Objective: To analyze the phenotypic and genomic characteristics of Salmonella isolates recovered from meat products in Beijing wholesale markets. Methods: A total of 336 Salmonella strains from meat products collected from wholesale markets in Beijing were tested for antimicrobial resistance to 25 antimicrobial compounds by micro-broth dilution method; whole genome data were sequenced, followed by the serotype and ST type prediction by Seqsero2 and SISTR software, and the drug resistance genes and virulence factors were also predicted with CARD and VFDB databases of Abricate software; Salmonella serotyping assay kit and serum agglutination method were used for serotype confirmation of some isolates with different genome prediction results.

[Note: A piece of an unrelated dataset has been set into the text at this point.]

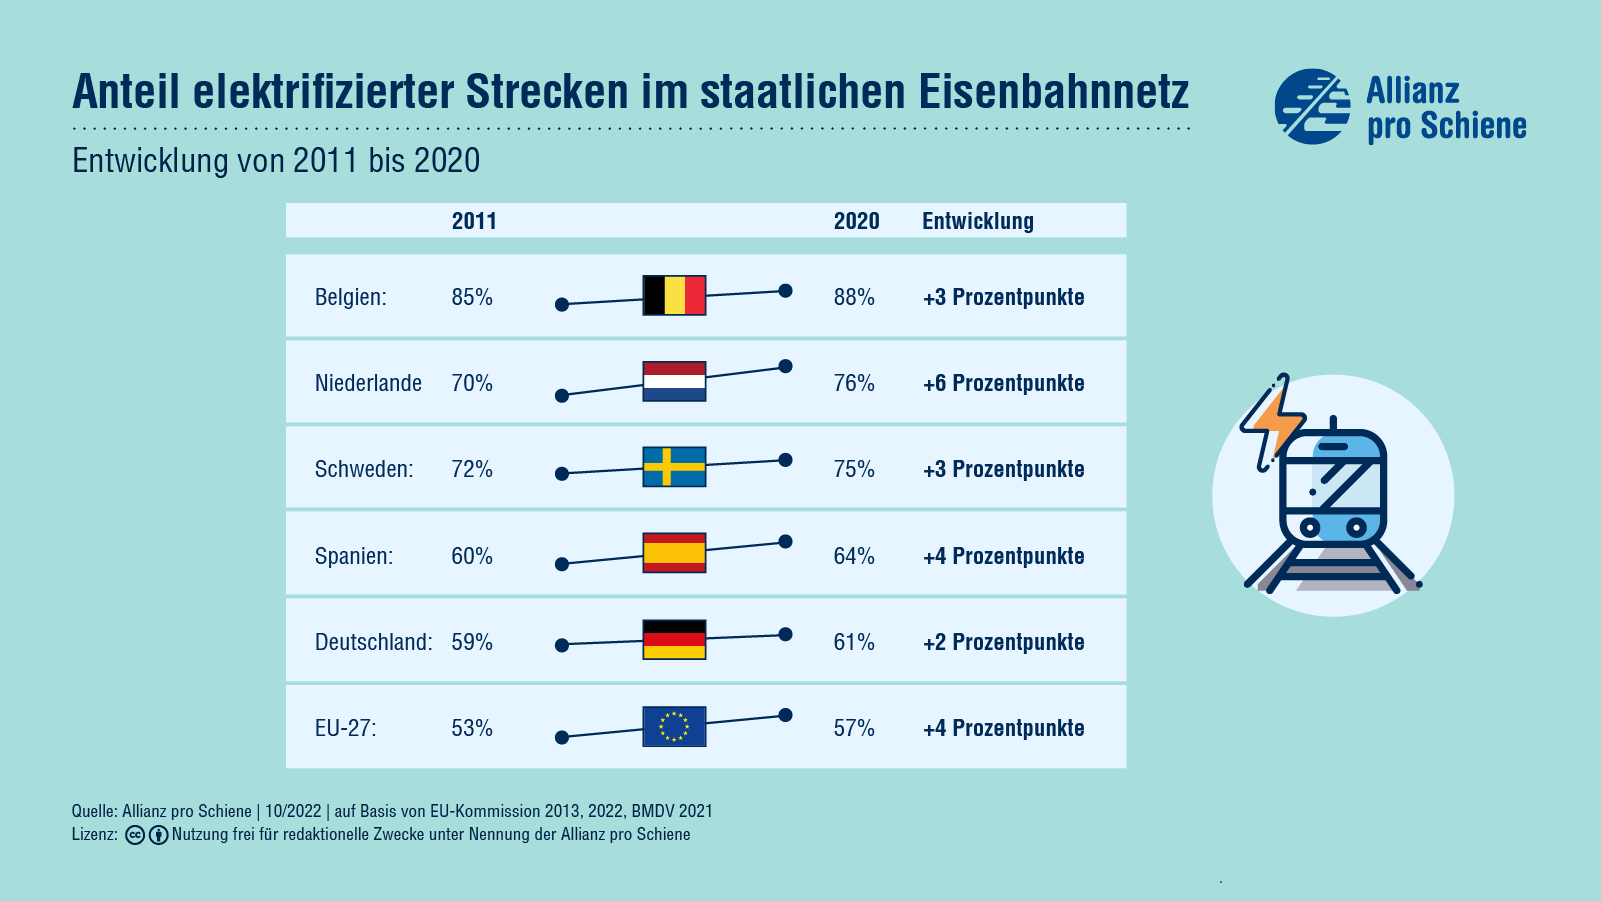 Anteil der elektrifizierten Bahnstrecken im europäischen Vergleich und deren Entwicklung von 2011 bis 2020.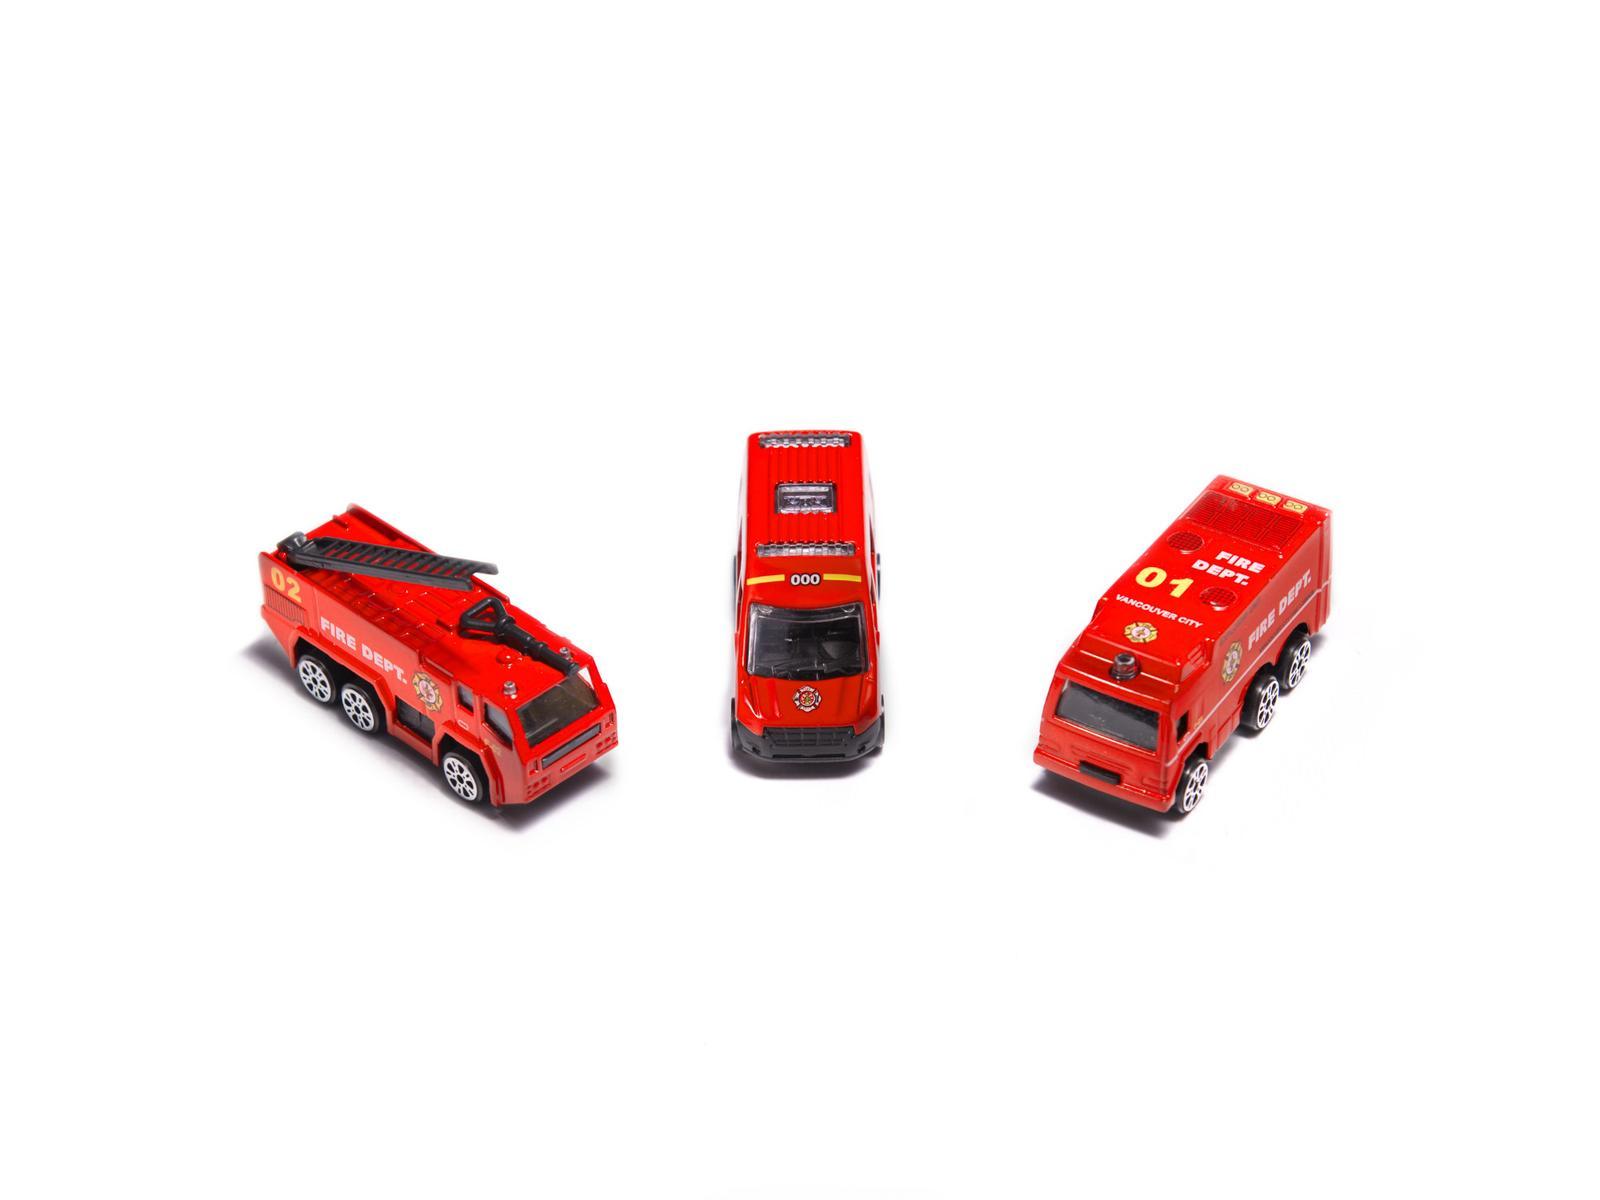 Transporter samolot + 3 pojazdy straż pożarna zabawka dla dzieci czerwona 41,5x31,5x14 cm nr. 11

Results: The resistance rates to Nalidixic acid and Ampicillin were 62.5% (210/336) and 55.1% (185/336), respectively, and all isolates were susceptible to Tigecyclin, Cefoxitin and Carbapenem antimicrobial compounds; 207 isolates (61.6%, 207/336) were multi-drug resistant, some could even be resistant to ten categories of drugs at the same time, and the most common antimicrobial resistance spectrum was NAL-AMP-SAM. A total of 24 serotypes were detected with predominant serotypes of Enteritidis (34.5%, 116/336), Derby (17.3%, 58/336) and Indiana (10.4%, 35/336). A total of 27 ST types were detected, the dominant type was ST11; ST types were in good consistency with serotypes; The detection rates of resistant genes referred to aminoglycosides, fluoroquinolones, ß-lactams, sulfonamides and tetracyclines are more than 48%, and the first two reached 100%. The prediction of drug resistance genes was consistent with the results of antimicrobial resistance phenotype. A total of 122 virulence genes were predicted, 74 of which existing among all isolates. Conclusion: Salmonella in meat from the wholesale markets of Beijing has a high proportion of multiple drug resistance, a complex drug resistance spectrum, a variety of serotypes and ST types, and a high carrying rate of drug resistance gene and virulence gene; drug resistance phenotype and genotype are relatively consistent.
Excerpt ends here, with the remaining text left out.